In the French capital, Metro service was shut down, forcing many workers to walk or bicycle to work in freezing temperatures. A recent law mandating minimal subway service kept some trains running, and they carried capacity loads of commuters.

Some workers at factories hit by layoffs also joined the strike. Hospital staff also stayed off the job.

The strike involved eight major unions. More have threatened work stoppages in coming weeks if the Sarkozy government fails to take more action to protect jobs and wages.

So far, Sarkozy has said nothing about the strike, which has been dubbed "Black Thursday" by the French press. His government recently announced a $33 billion stimulus plan, but the unions say it's not enough.

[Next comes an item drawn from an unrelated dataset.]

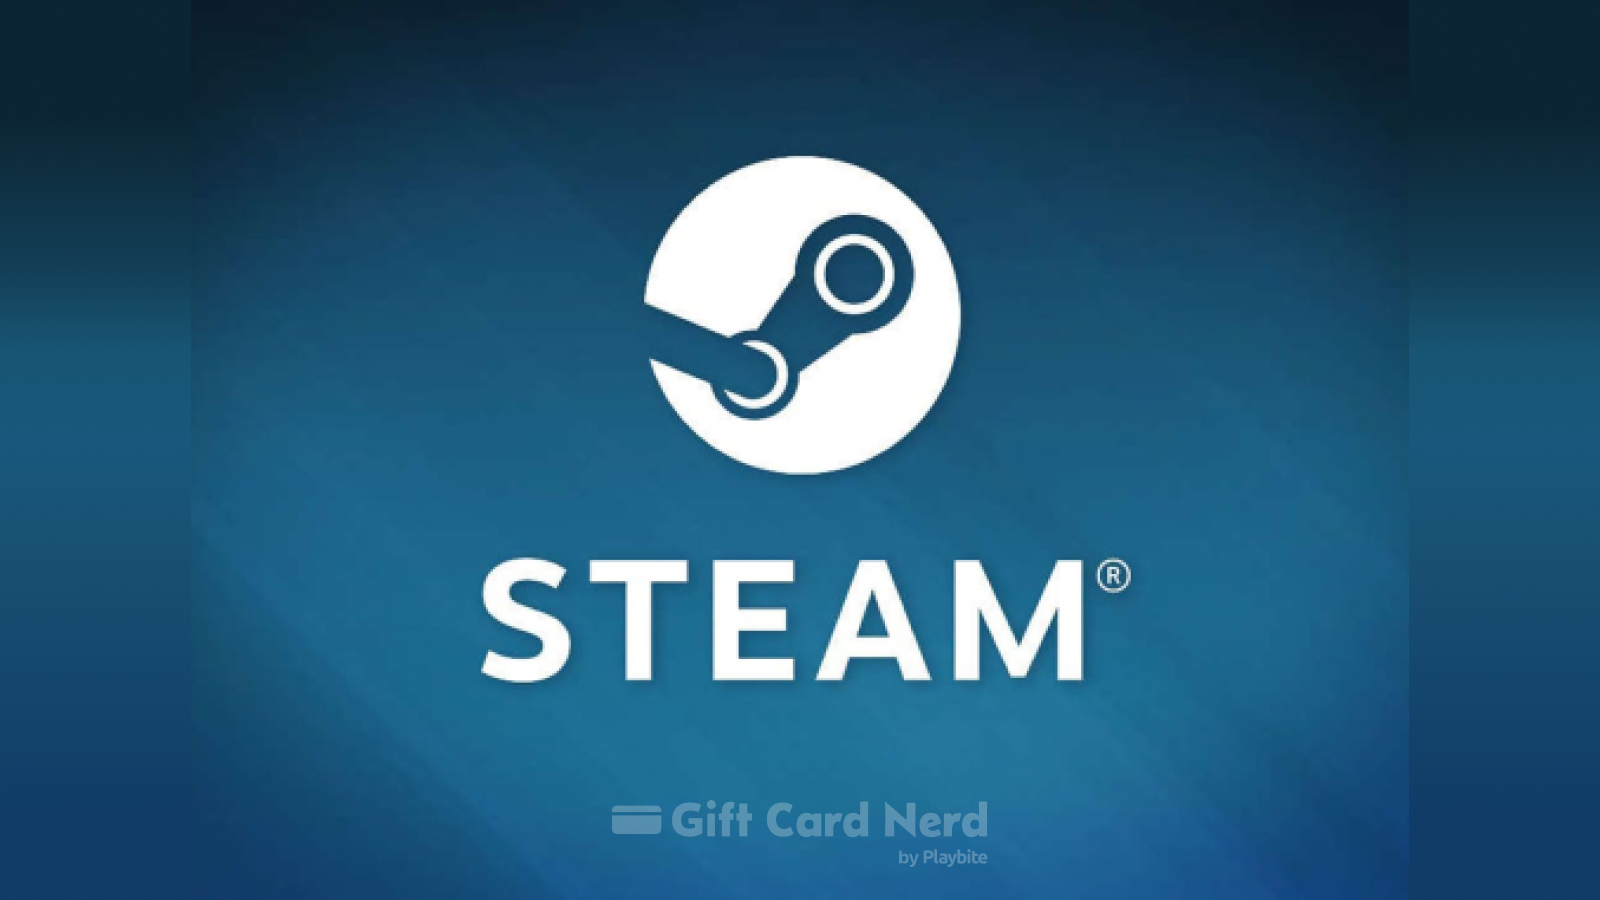 Can I use a Steam Gift Card on Postmates?

Sarkozy's government is concerned that a growing strike could be transformed into a wider social protest movement, such as one that inflamed French suburbs in 2007. Signs of civil unrest have been evident in recent weeks in Latvia, Lithuania, Greece and Iceland.

In the Icelandic capital, Reykjavik, street protests have forced out Prime Minister Geir Haarde, who tendered his resignation Monday amid the country's growing financial and credit crisis. Haarde will step down Saturday.

But even that did not satisfy protesters, who on Wednesday picketed outside a NATO meeting in Reykjavik where Haarde was speaking. Police used pepper spray and arrested six protesters.

The global financial crisis hit Iceland in October, ending a decade of rising prosperity and triggering a collapse in the currency and financial system. Earlier, the country's central bank said the jobless rate in the nation of 320,000 was likely to rise to 11 percent in the first quarter of 2010.

At the Davos summit, meanwhile, former President Bill Clinton said if President Obama gets support from Congress, his economic stimulus package could show results in a year to 15 months.

Clinton said asset deflation must be stopped.

"Right now the house is on fire and we need to put it out as quickly as we can," he said. "The quickest way to do it is to stop the deflation in asset prices and do it in a way that allows the financial system — that did bring us a lot of growth the last 20 years — to kick back in."